Return, word for word, the lines of the listing below from the one with "GUCCI GG Canvas" through the one with "Ripple Currency Symbol", and no other lines.

(Available data):
■ ■ ■
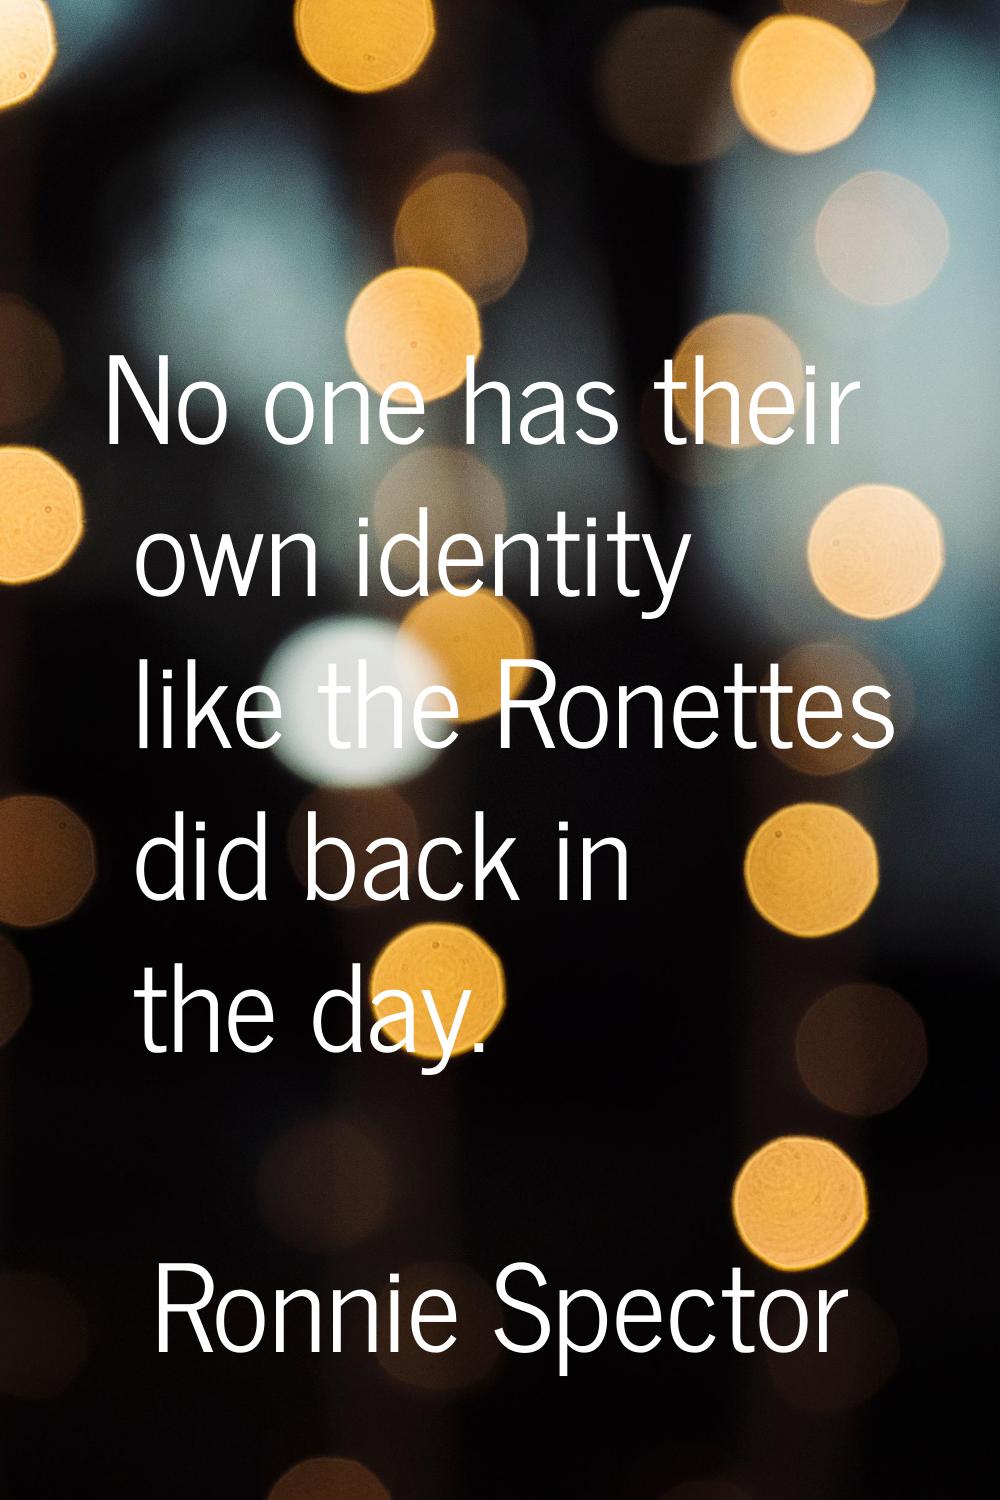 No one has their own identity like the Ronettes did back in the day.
■ ■ ■
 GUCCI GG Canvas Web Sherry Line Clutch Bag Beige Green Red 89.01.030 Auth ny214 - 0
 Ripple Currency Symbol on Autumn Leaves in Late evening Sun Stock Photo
■ ■ ■
(Expected answer):
 GUCCI GG Canvas Web Sherry Line Clutch Bag Beige Green Red 89.01.030 Auth ny214 - 0
 Ripple Currency Symbol on Autumn Leaves in Late evening Sun Stock Photo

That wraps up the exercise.